Want more power? The Sport Hybrid mode is where you will get you more driving dynamics and highest sport performance. The combustion engine operates solely and continuously on its own in the “Sport Hybrid" mode. It is this car’s power source. The electric motors add support in by way of electric boosting to help give the combustion engine a greater efficiency. This is the mode to drive in when you want top performance and want to use your sporty driving style at top speed. Perfect for track driving.
Since the release of the original model of the Porsche 918 Spyder, there have been different versions, or special editions developed for the 918, however, when most think of the Spyder, they think of the original model and the Spyder Weissach Package; a version delivered in 2015. The Weissach was uniquely designed to certain specifications and a performance upgrade.
2014 Original, Limited Edition Porsche 918 Spyder
Production of the Spyder 918 was scheduled to start in September of 2013 with deliveries to begin in December of 20213. As you can imagine, the price for any Porsche will be high. But for a limited edition model with the name, Porsche attached to it, you can be sure you would be paying a pretty penny to own one. Not surprisingly, the 918 Spyder was sold out by December of 2014 with the majority of the orders stemming from the US at 294 units and Canada at 35 units. The production for the Spyder 918 ended in June of 2015.
- Engine: Naturally aspirated 4.6-litre V8 engine
- Horsepower: 608 metric horsepower (447 kW)
- Battery: 6.8 kWh lithium-ion
- Dimensions: 183″ L x 76″ W x 46″ H
- Torque: Over 590 lbs
- Price: The starting price for the 918 was $847,000 US dollars
2015 Porsche 918 Spyder Weissach Package
Released in 2015, this model was designed for high speed and power. The Weissach package is a high-performance upgrade to the original model. It eliminates some of the interior amenities and adds lighter-weight carbon fiber appointments as well as flame-retardant upholstery, magnesium wheels, racing belts and aerodynamic aids. This is a car geared for track and who intend to put the pedal to the metal.
- Engine: 4.6 L V8
- Horsepower: 887 hp
- Curb weight: 3,602 lbs
- Battery: 6.8 kWh lithium-ion
- Dimensions: 183” L x 76” W x 46” H
- Torque: 944 lb-ft
- Price: Starting at $929,000
What does the future hold for the Porsche 918 Spyder?

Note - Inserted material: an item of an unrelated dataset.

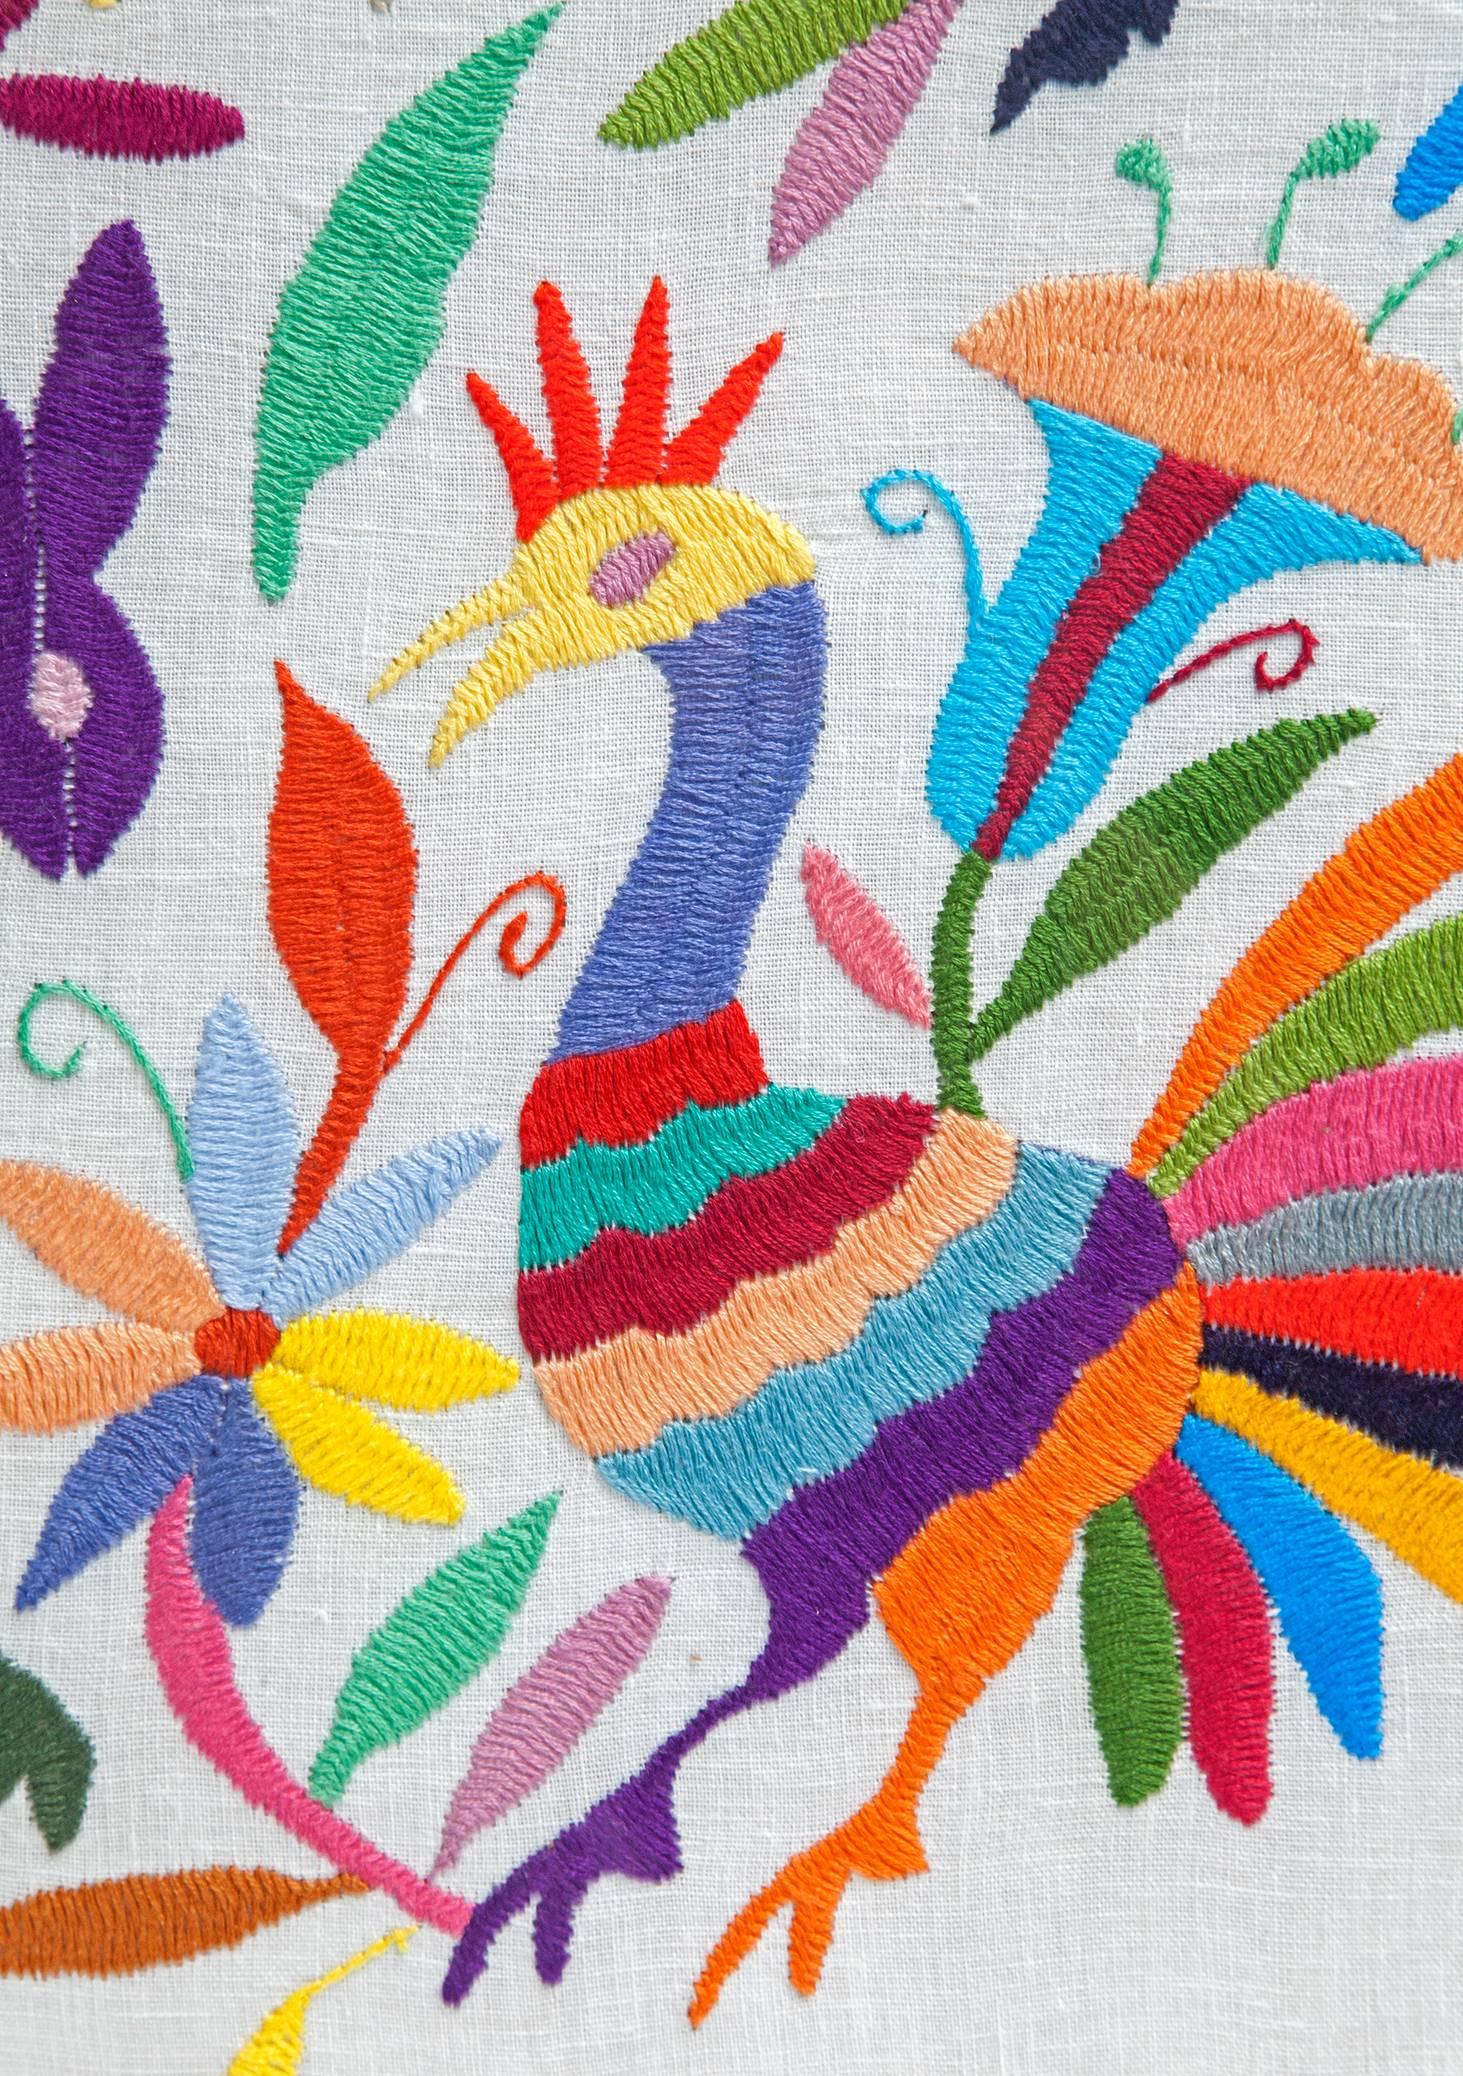 Tenango Otomi / Textiles Mexican Folk Art Embroidery Frame 1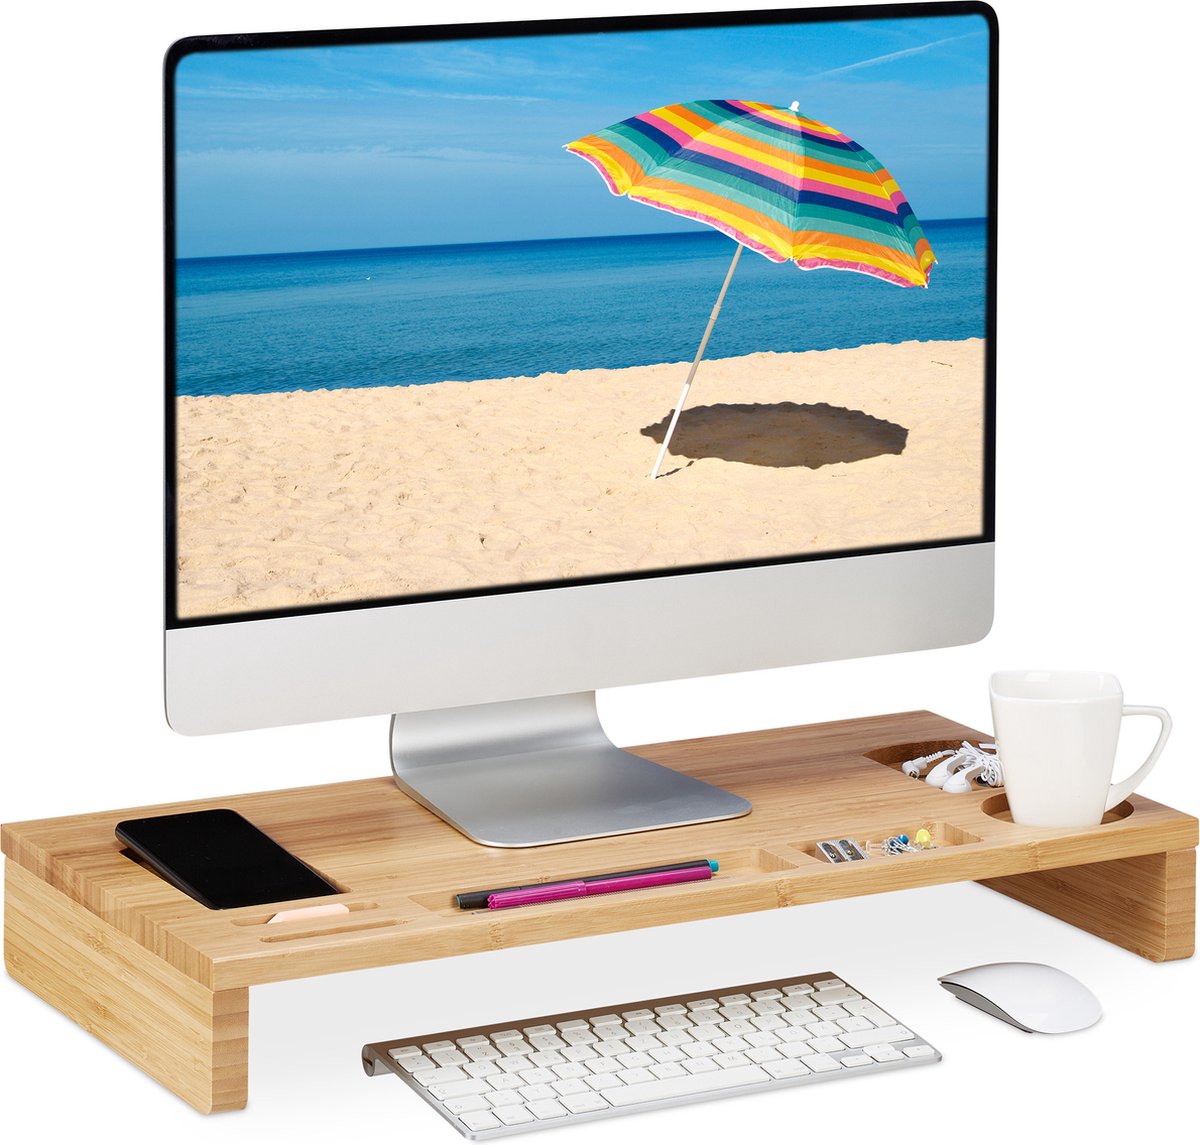 Relaxdays monitorstandaard bamboe - monitorverhoger - beeldschermverhoger voor bureau

The Porsche 918 Spyder is still a well sought after car, not to mention that this the gene pool from which generations of hybrids will be tested and designed from. The Spyder has found a way to package cool, comfort, style and speed into one little car. But with only 918 of the dynamic speed machines made and out of production, these cars will be hard to get hold of. For those that can afford the Spyder, they will try to find a way.